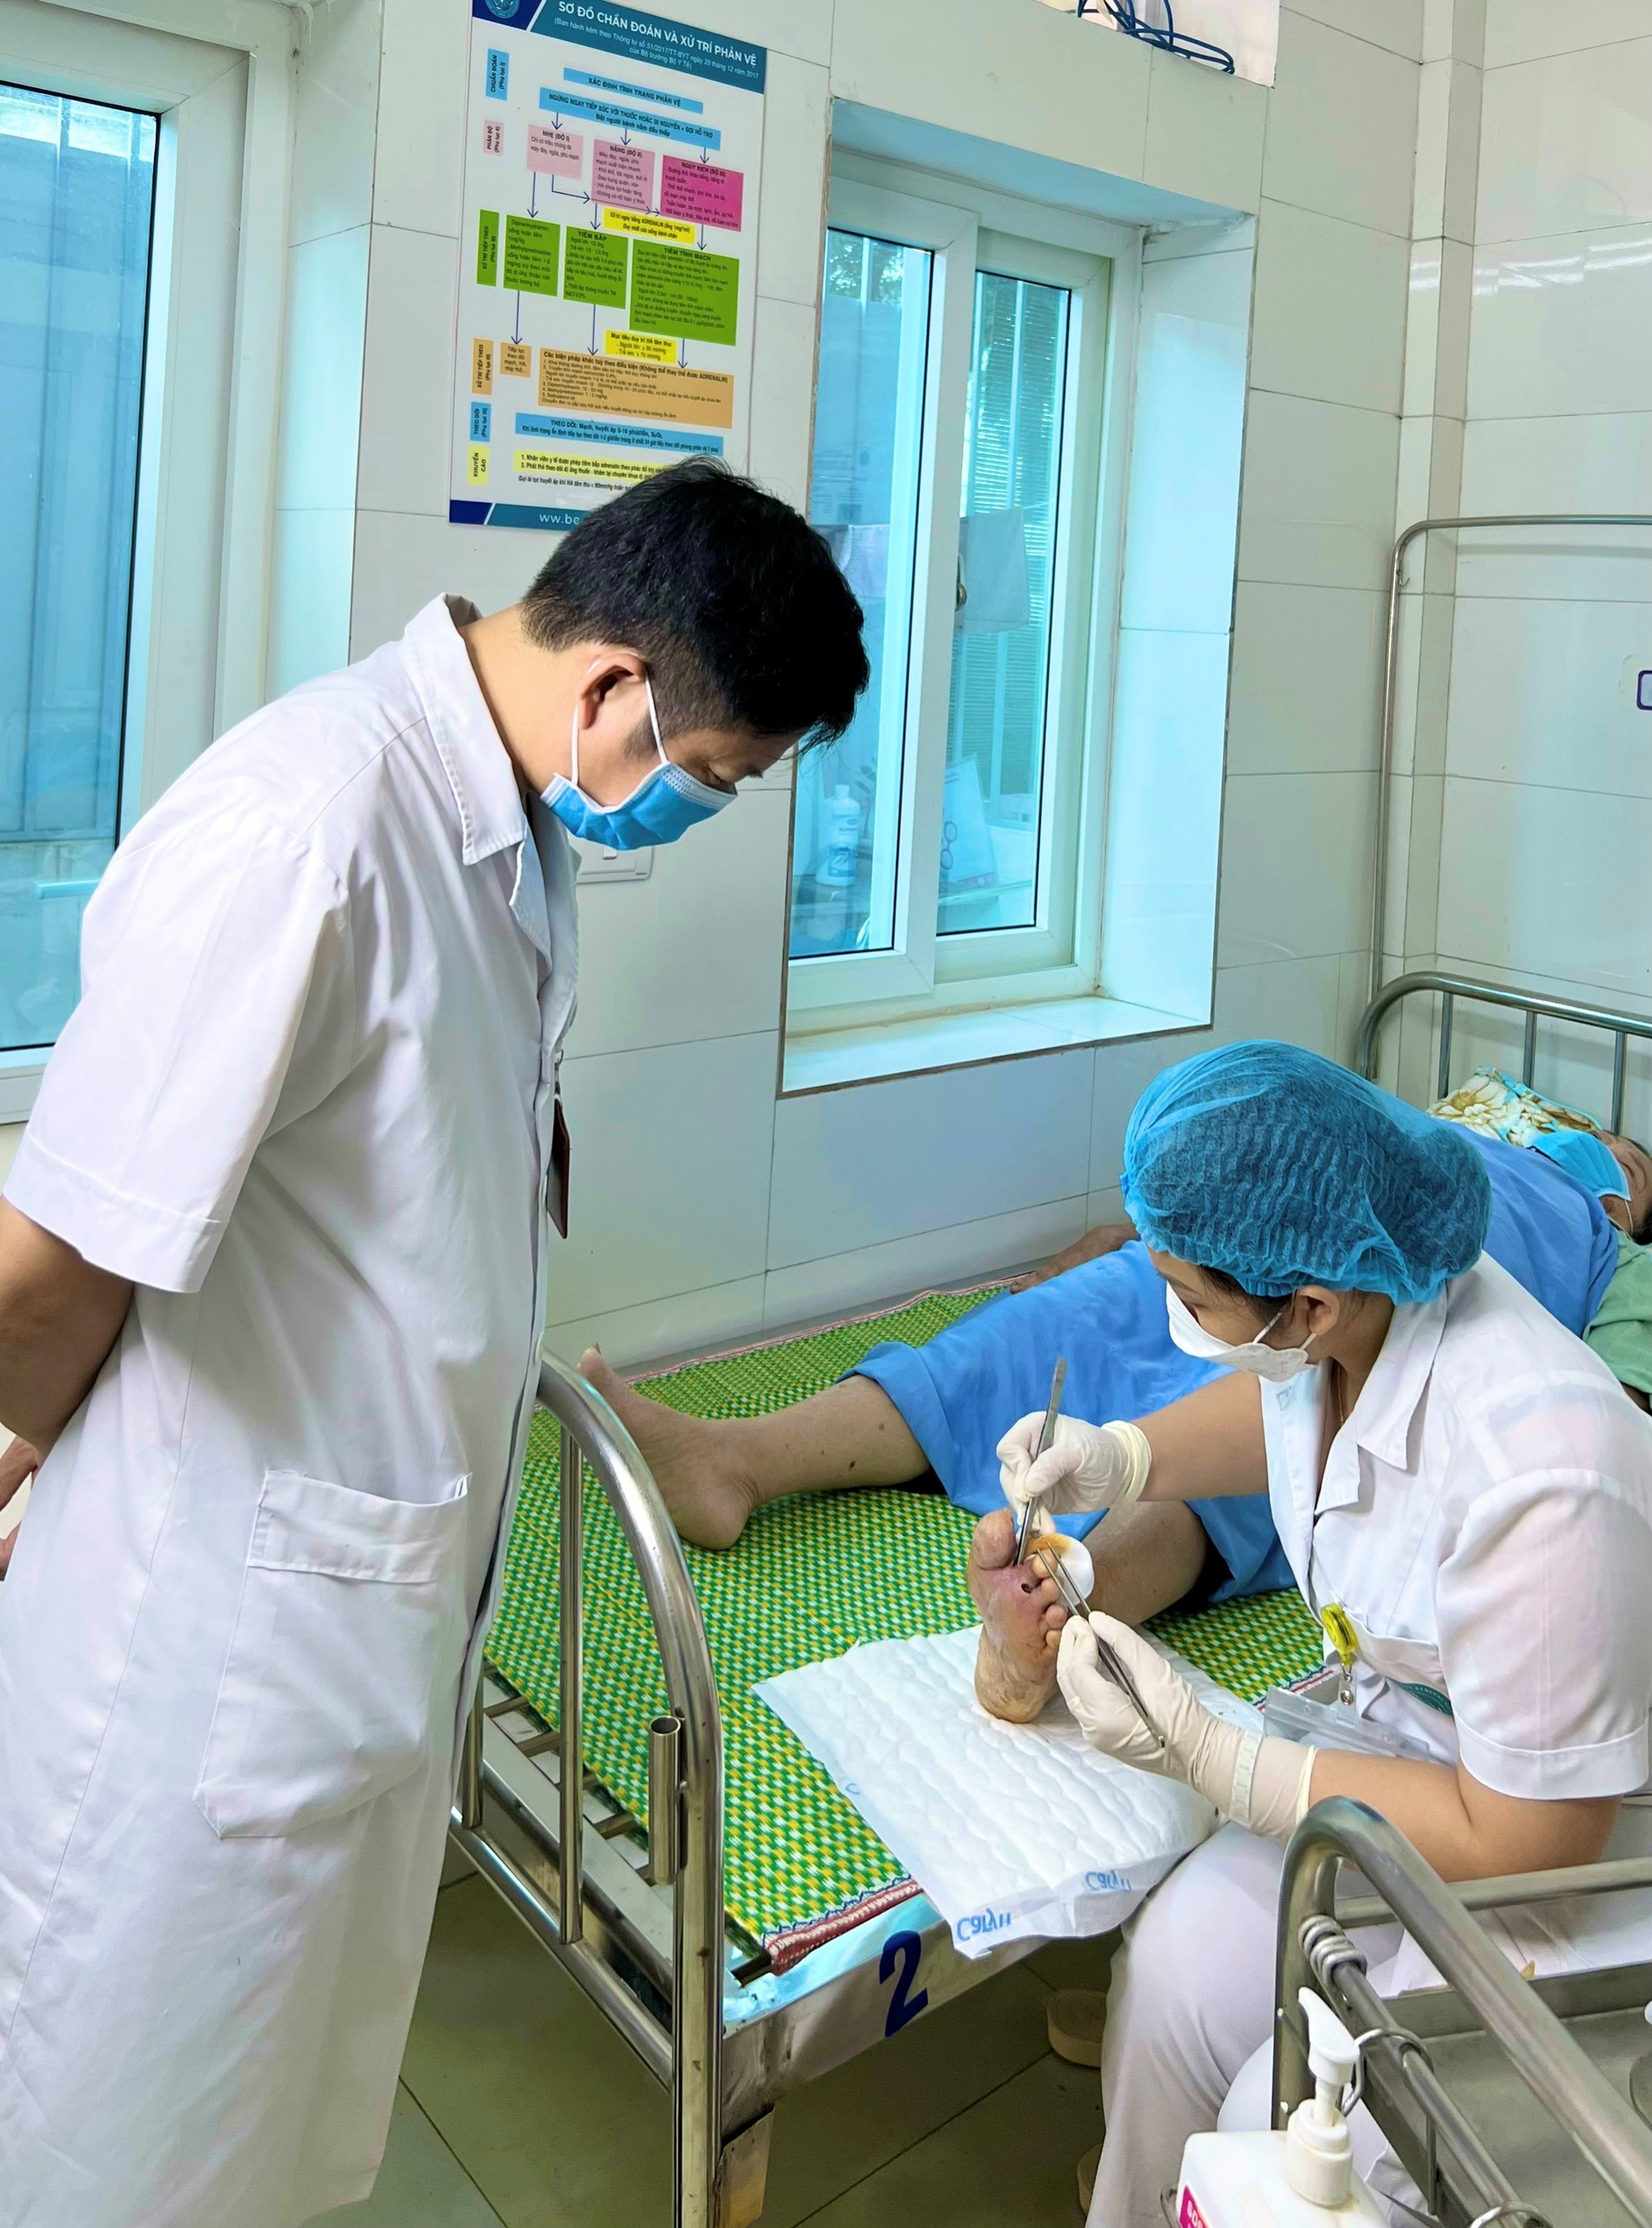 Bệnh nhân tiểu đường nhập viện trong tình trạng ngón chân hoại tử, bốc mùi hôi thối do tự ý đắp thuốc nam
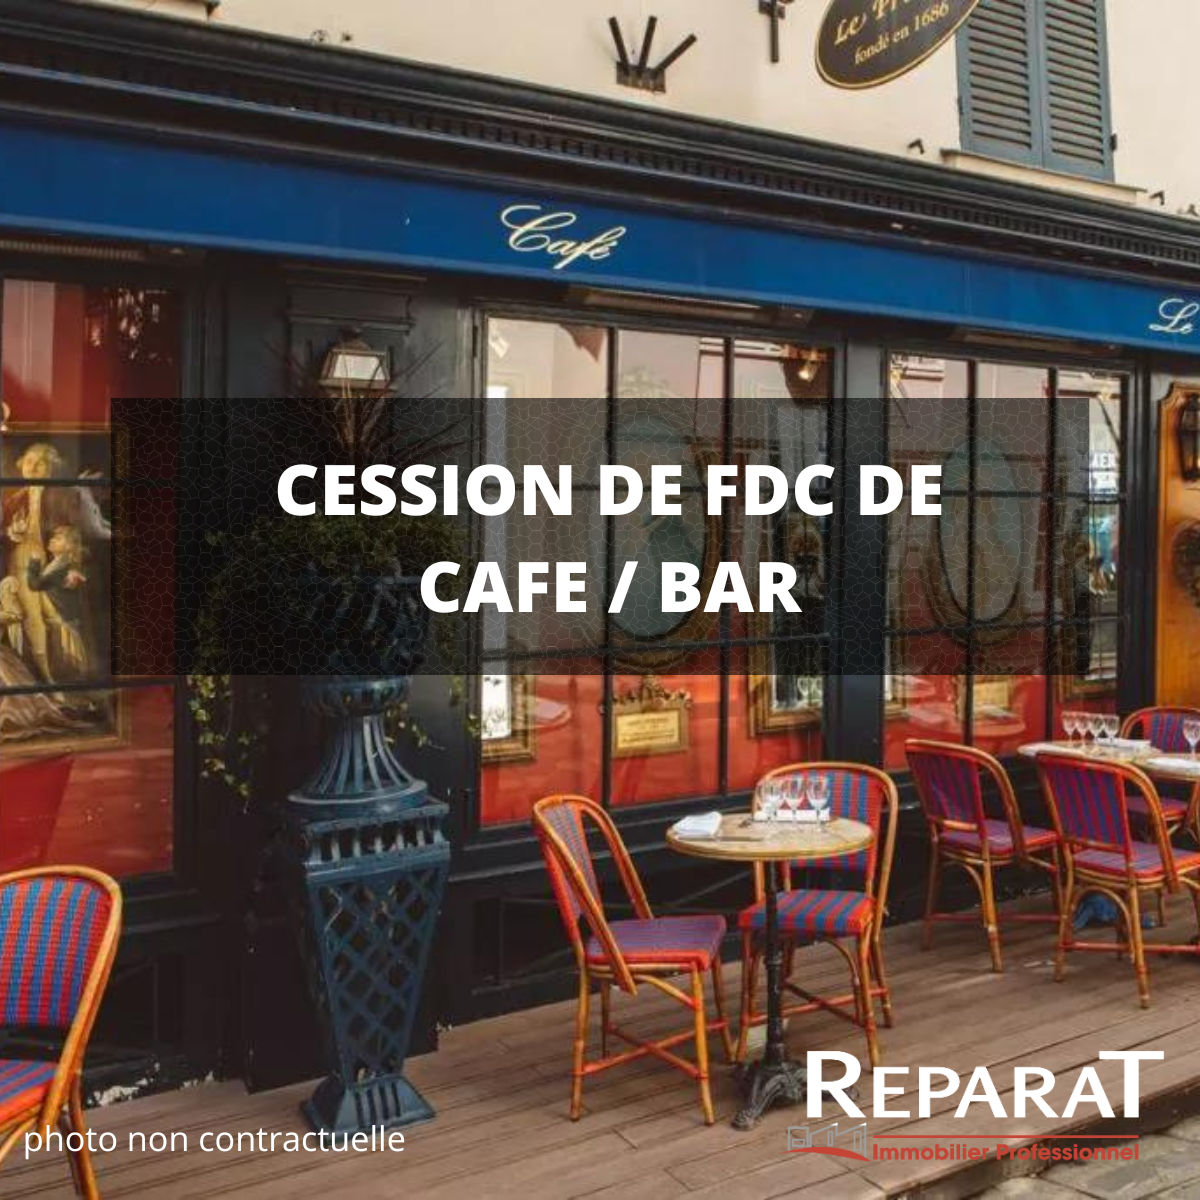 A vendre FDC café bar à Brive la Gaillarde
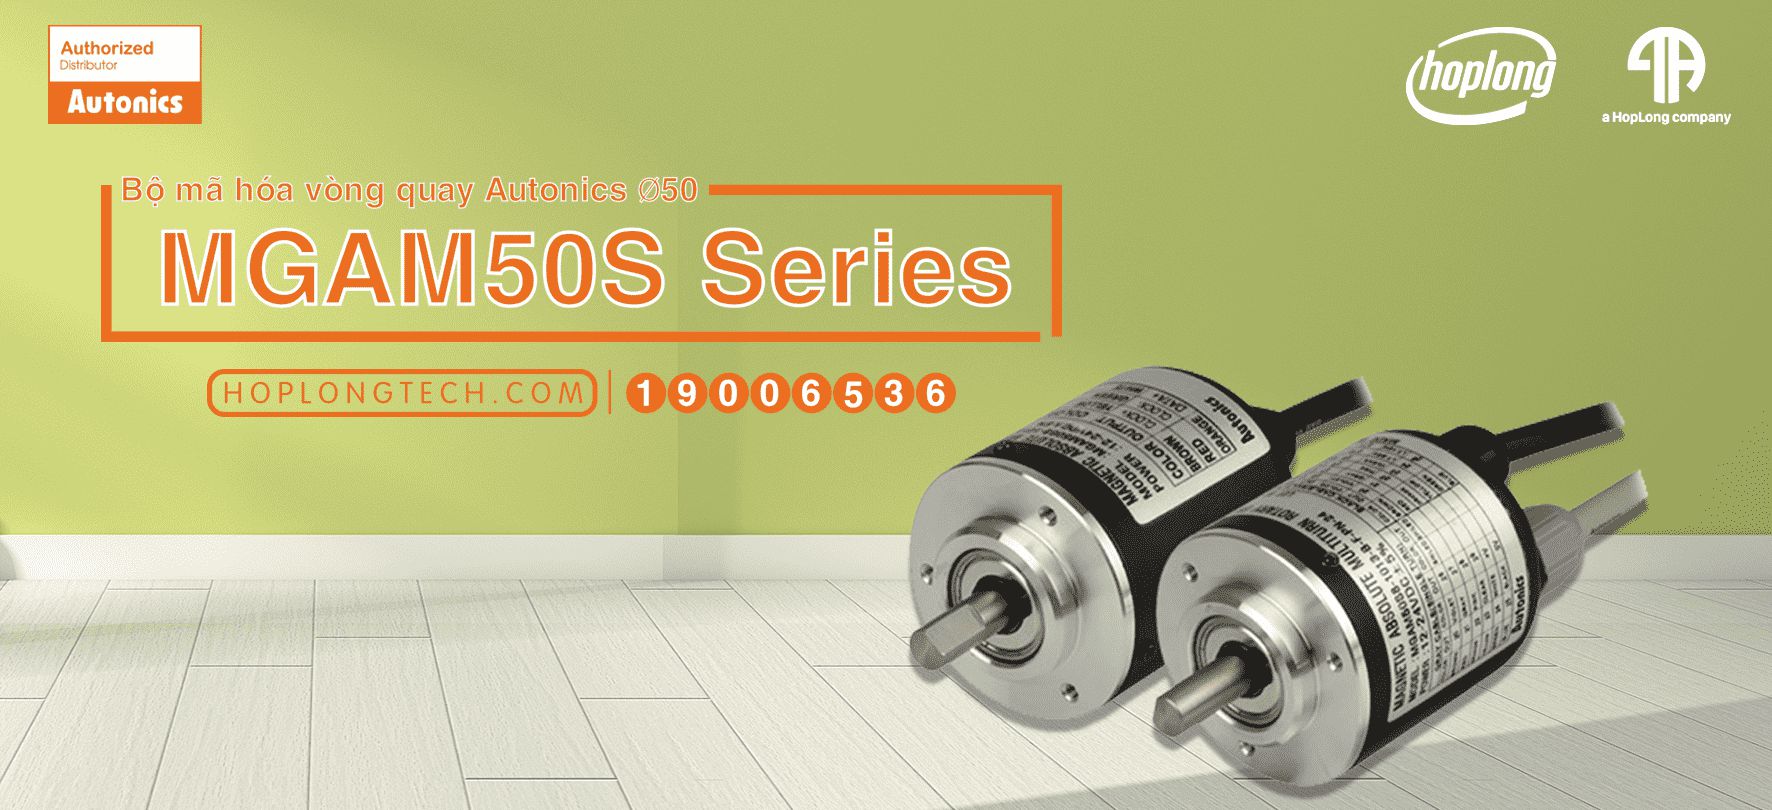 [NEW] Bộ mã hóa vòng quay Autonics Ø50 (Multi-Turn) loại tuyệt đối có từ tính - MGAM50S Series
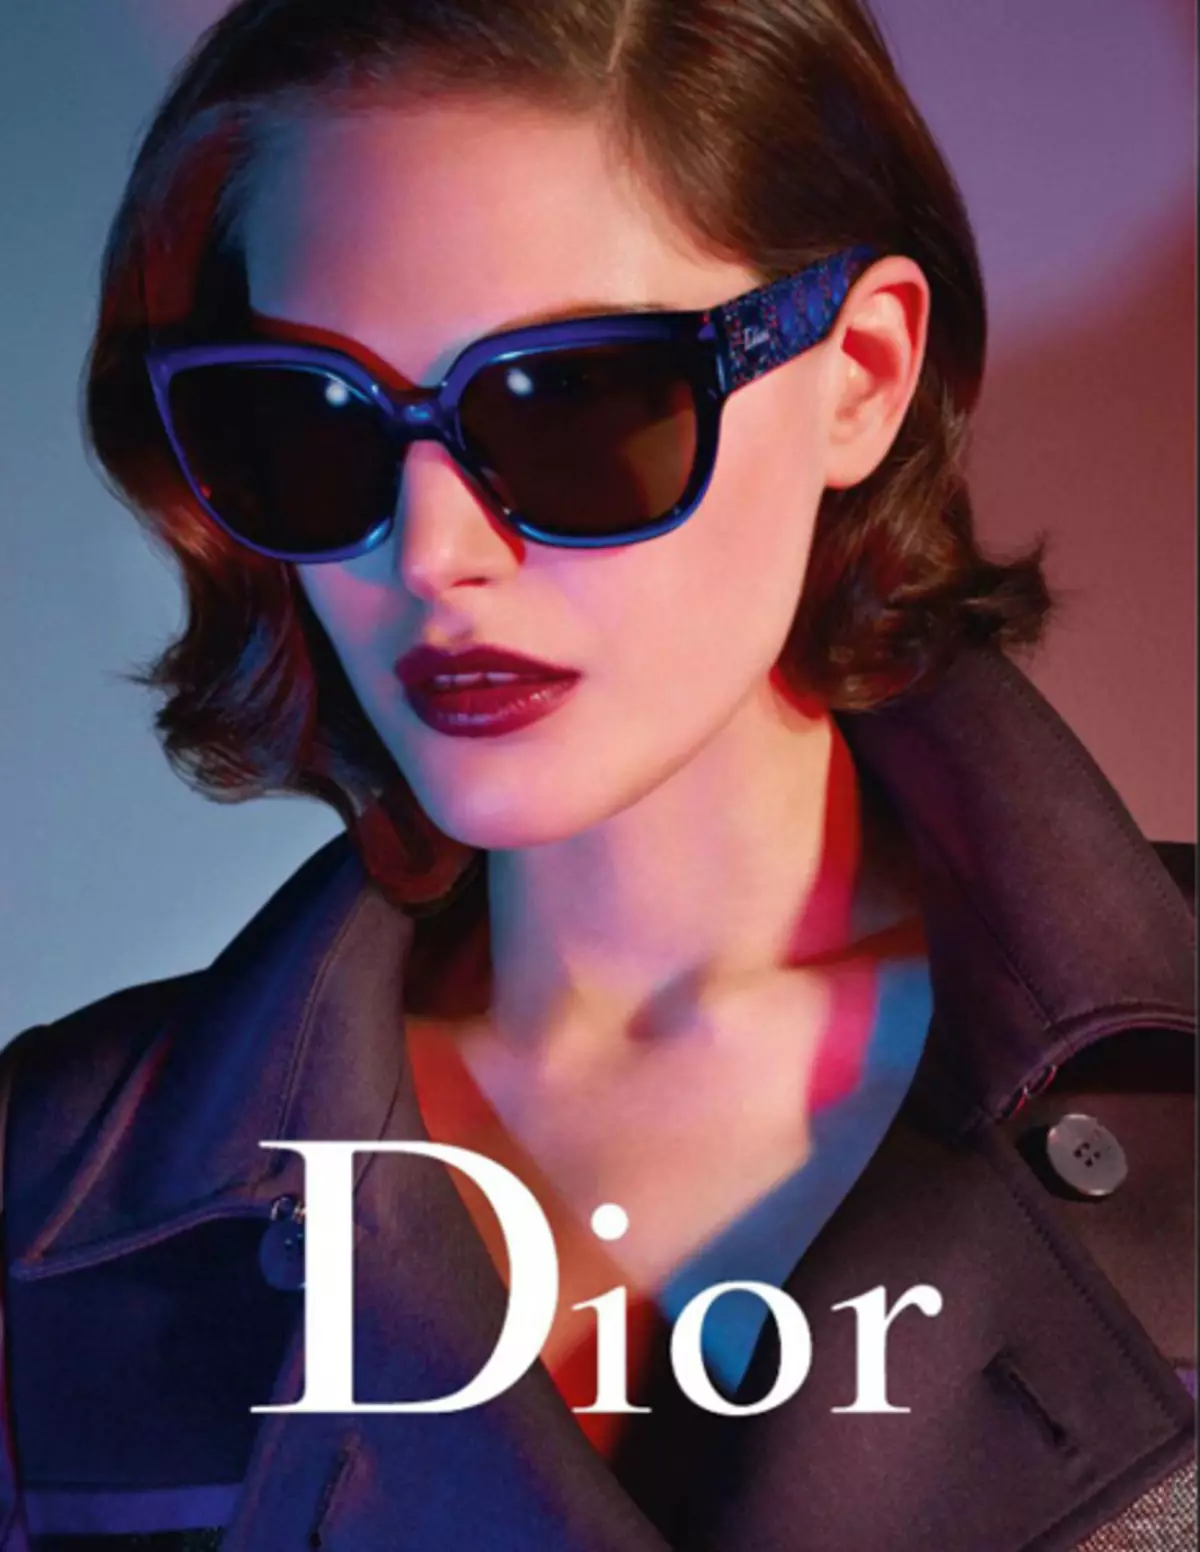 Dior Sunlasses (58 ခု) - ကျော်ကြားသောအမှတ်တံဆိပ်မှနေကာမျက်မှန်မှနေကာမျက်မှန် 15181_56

***

» Exercise brief
The expected answer is the full listing above, transcribed exactly and without pictures.

» Response below
 Bệnh nhân tiểu đường nhập viện trong tình trạng ngón chân hoại tử, bốc mùi hôi thối do tự ý đắp thuốc nam
 A vendre FDC café bar à Brive la Gaillarde
 [NEW] Bộ mã hóa vòng quay Autonics Ø50 (Multi-Turn) loại tuyệt đối có từ tính - MGAM50S Series
 Dior Sunlasses (58 ခု) - ကျော်ကြားသောအမှတ်တံဆိပ်မှနေကာမျက်မှန်မှနေကာမျက်မှန် 15181_56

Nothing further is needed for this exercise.